Table 2 shows experimental results on preprocess time, average query time, and path ratio from our algorithm compared with that of CDZ. The threshold value is set at 100.
Tinit is the total time for preprocessing.
Tq is the average runtime for 10,000 random queries. From table 2, it can be construed that our algorithm performed relatively better on four different networks. It ran 10 times faster than CDZ especially on DBLP and roadNet networks. Moreover, the approximation for the shortest path is more accurate on Email-Enron and itdk0304_rlinks, compared with CDZ on DBLP and roadNet.
Table 3 shows results from LCA, LBFS, and our algorithm. It can be seen from
Table 3 that our algorithm outperforms LBFS in terms of efficiency and accuracy. In DBLP and roadNet, our algorithm ran twice as fast as LBFS. Compared with LCA, our algorithm approximates more accurately but with a slightly higher runtime. Moreover, parallelization improved the runtime by about 15% compared with the latter which computed shortest paths sequentially.
From our experiments, we deduced that threshold
t affects the efficiency and accuracy of our algorithm.
Table 4 shows the influence of threshold
t. From
Table 4, it can be seen that runtime increases and path ratio decreases when threshold is increased. When there are more nodes at the top level network, approximation is more accurate but requires more time for Dijkstra’s algorithm. When
t increases from 40 to 100,
Tq also increases a little, but
p improves significantly. When the threshold value increases from 100 to 180,
Tq increases sharply, but
p remains nearly constant. We therefore set the threshold value at 100 in order to obtain a good trade-off.
7. Conclusions
Based on hierarchical networks, we propose a parallel approximate shortest path algorithm which is efficient and maintains high approximation accuracy on large scale networks.

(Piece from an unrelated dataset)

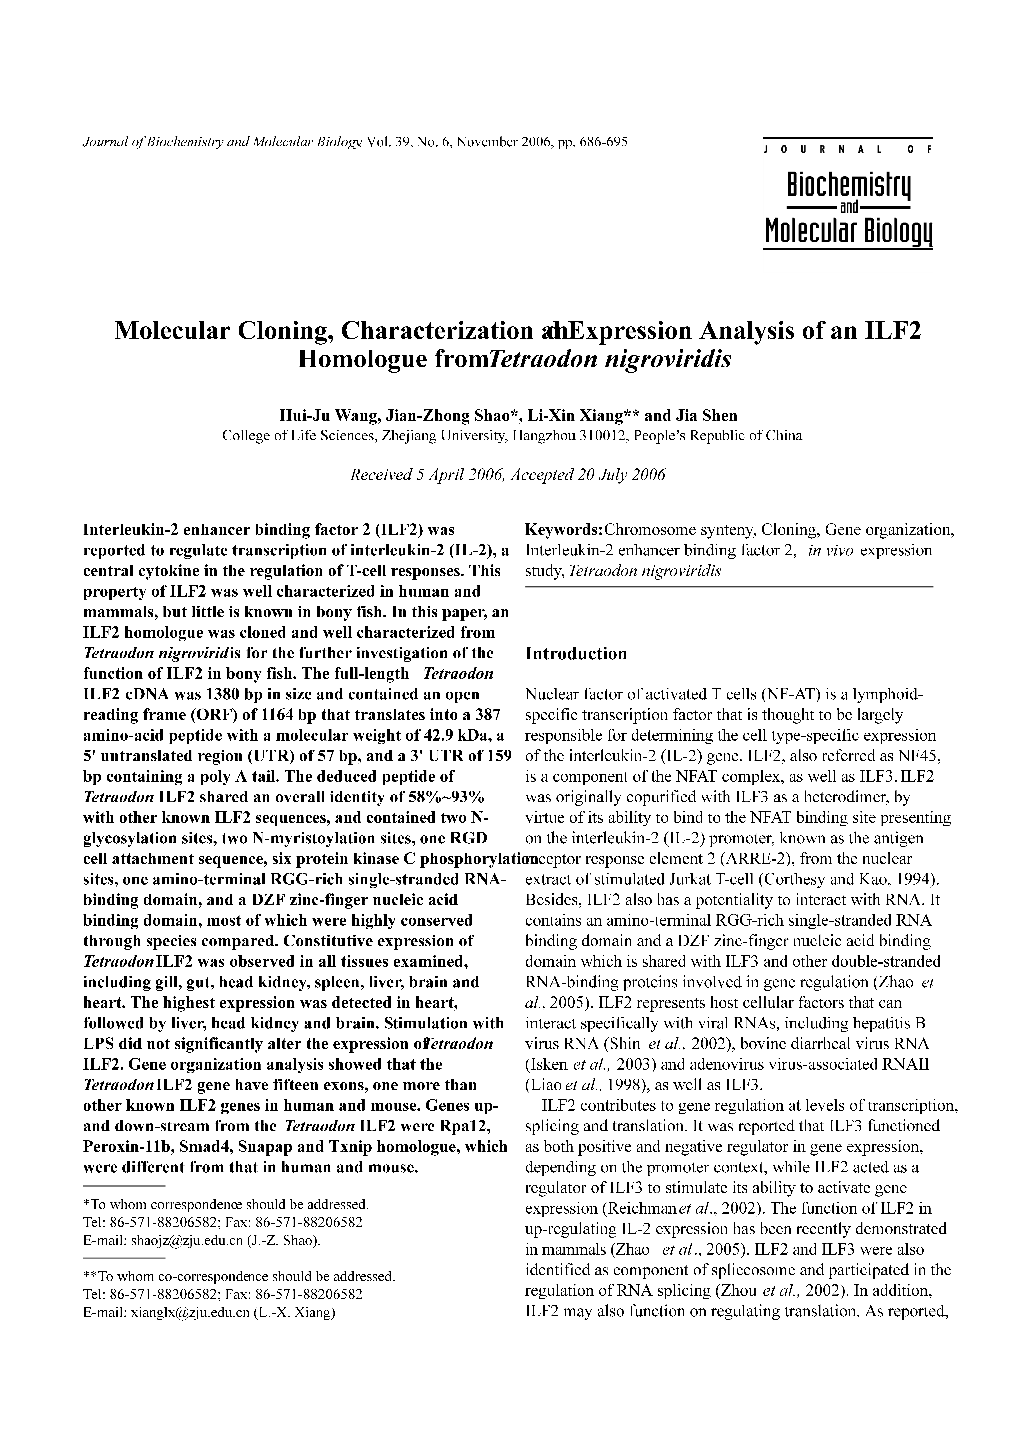 Molecular Cloning, Characterization and Expression Analysis of an ILF2 Homologue from Tetraodon Nigroviridis

The algorithm condenses central nodes and their neighbors into super nodes to iteratively construct higher level networks until the scale of the top level meets a set threshold value. The algorithm approximates the distances of the shortest paths in the original network by means of super nodes in the higher-level network. The performance of our algorithm was tested on four real networks. Results from our tests show that our algorithm has a runtime per query within a few milliseconds and at the same time delivers high accuracy on large scale networks. Compared with other algorithms, our algorithm runs twice as fast as LBFS and over 10 times faster than CDZ.
The proposed algorithm mainly focuses on undirected and unweighted networks. In the future, we seek to focus on directed and weighted networks by exploring the approximate distance between a node and its central node based on hierarchical networks. We will also consider an adaptive algorithm for dynamic networks.